The key to hitting the ball farther with the modern driver and golf ball (which spins much less off of a flat face than balls of the past) is high launch combined with a low spin rate. Our goal is to get enough spin to achieve lift, while minimizing (hopefully eliminating) drag. 

Assuming that you have a driver with enough loft, here are four things that you can do to increase launch angle and decrease spin rate, thus increasing your distance off the tee:

Tee the Ball Higher
The old adage has always been that the top of the driver should be about halfway up the ball when it is teed up. However, with a 460cc driver, I like to see you set the ball high enough on a peg such that the top of the driver is no more than one-third of the way up the ball. Of course, this means that the standard 2 1/8-inch tee will not be long enough to accommodate. You will need a tee at least 3 inches in length, but likely a little longer than this.

Move the Ball Forward in Your Stance
(Towards your left foot for a right-handed golfer)
The notion of playing the ball off of your left heel is no longer valid. We want to hit the ball on the upswing, thus increasing launch angle and decreasing the ball's spin rate. In order to do this, we must move the ball forward in our stance. For some golfers, it will be enough to play the ball off of your big toe, while for others it may be necessary to move the ball all the way up so that it is positioned outside of your left foot. Experiment with different ball positions – but, whatever you do, move the ball forward in your stance!

Set Up to Hit the Ball on the Center of the Face
Most golfers set their driver on the ground at address. This results in a high percentage of driver shots being hit on the heel-side of the face, especially when we tee the ball higher. Test yourself this way: The next time you are at the range and set up to hit your driver, once in the address position stretch your arms out and move the club up to the ball's height. Notice where the ball is going to contact the face of your driver? On the heel side – or possibly the hosel – of your driver.

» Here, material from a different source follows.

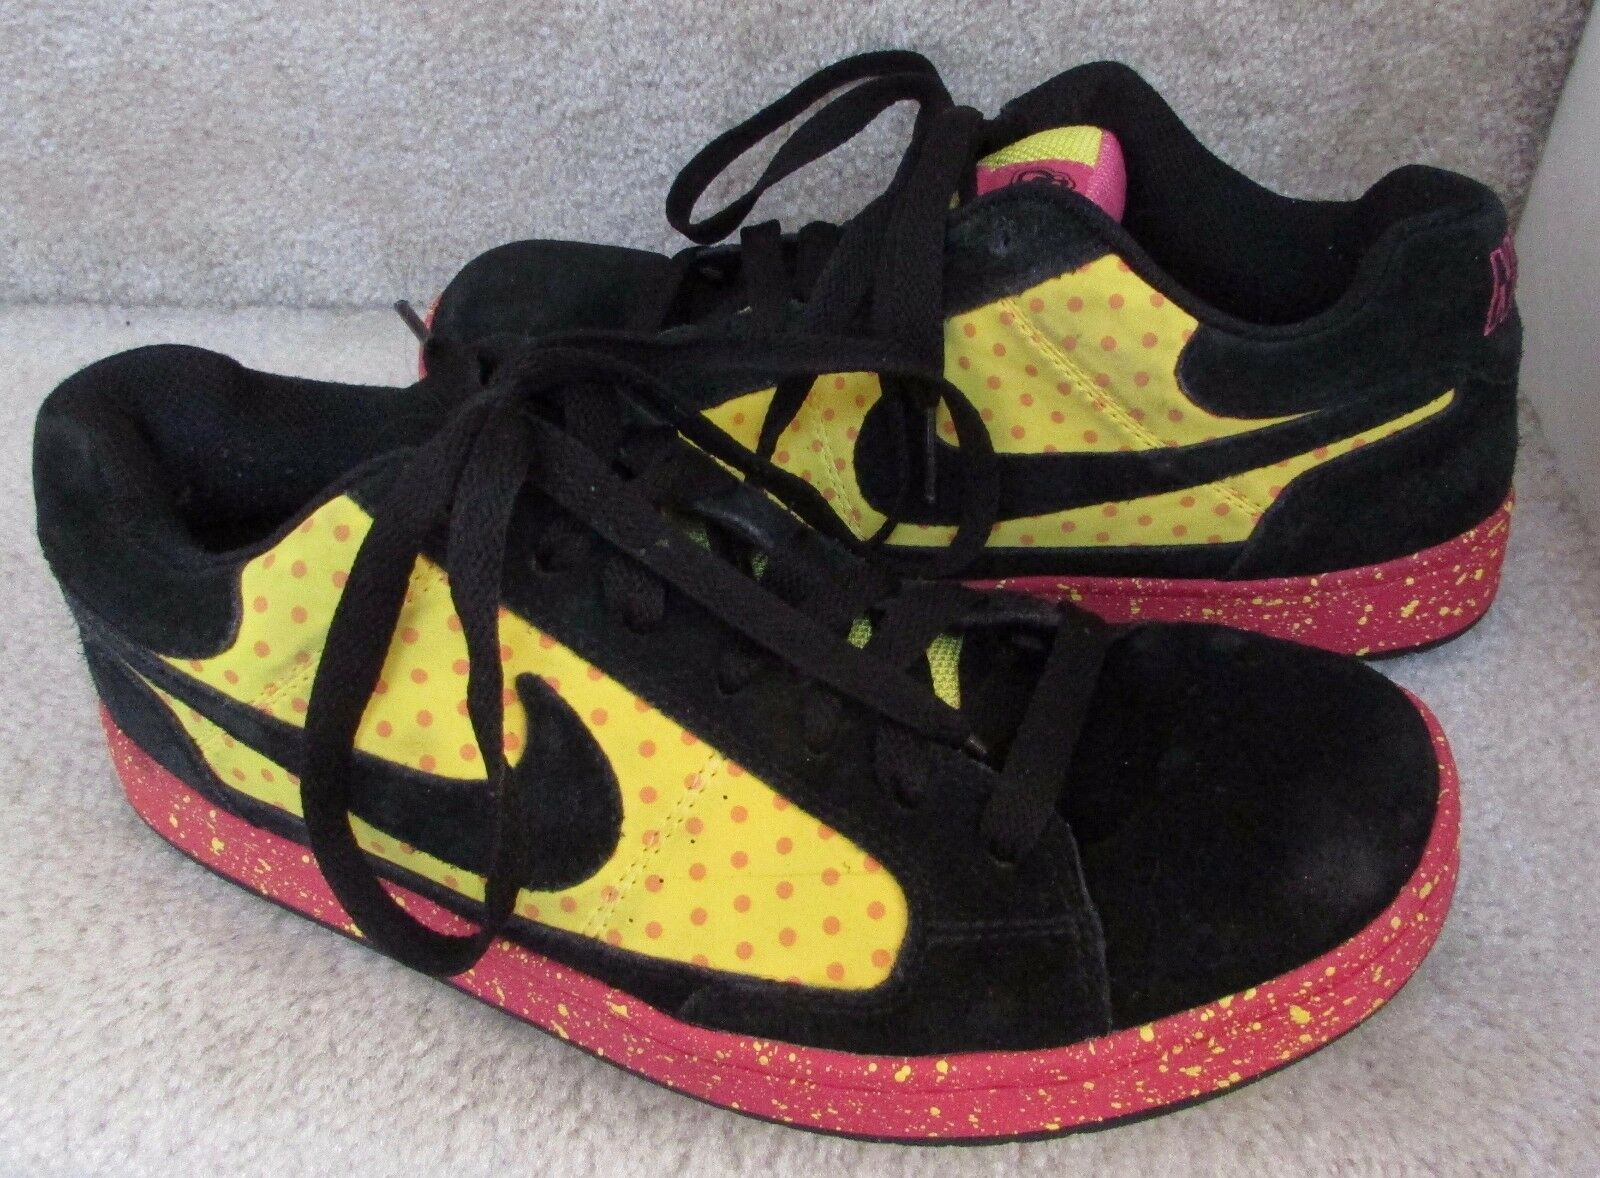 Nike 6.0 Swindle Lam Mens Sneakers Skateboard Shoes Size 9 Samples

This is a very common problem for golfers – and it's an awkward adjustment. The solution is very simple, however. Instead of setting your driver behind the ball such that the center of the face is aligned with the ball, move backwards a couple of inches (towards your back) such that the toe of your driver is aligned with the ball. Now do the test again. Stretch out your arms and pick the club up to the ball's height. Is the ball aligned with the center of the driver face? If so, put the club back down and fire! If not, keep moving back until it is.

Don't worry that once you set the driver down it doesn't align with the ball. The ball isn't on the ground - it's three inches above the ground!

Hit the Ball on the Upswing
The driver is now a specialty club, much like a putter. Our set-up, ball position – everything is different from any other club in the bag. You shouldn't be hitting the ball at the bottom – or apex – of the golf swing like a fairway wood. The ball should be struck past this point, on the upswing. This will lead to a higher launch angle and lower spin rate – which is how we are going to hit the ball farther than we ever have before.


----------



## Shankapotimus

Great tips! Thanks for the post!


----------



## dadamson

Very good and detailed tips! I must say, a lot of people have a bad slice when first switching to these heavier drivers, you must be persistant and the best tip is to practice.

Practice, and lots of it is absolutely essential to your 460cc mastery :headbang:.


----------



## Stuart StAndrew

Im going to try this when I next hit the green, I do have problems with distance (in the Golfing sense) and some more lift (again Golfing wise) would be good.


----------



## dadamson

Stuart StAndrew said:


> Im going to try this when I next hit the green, I do have problems with distance (in the Golfing sense) and some more lift (again Golfing wise) would be good.


Good idea Stuart, these 460cc clubs are the heaviest drivers on the market and they do require a certain amount of practice to master the accuracy and distance componants.

You should try to distance yourself from the standard drivers as much as possible when using these clubs, they are vastly difference in usage. I usually recommend only going for these once you have perfected your accuracy and then peaked your distance with standard clubs.


----------



## BigEd

Great advice, just recieve the 460cc in the mail yesterday!!


----------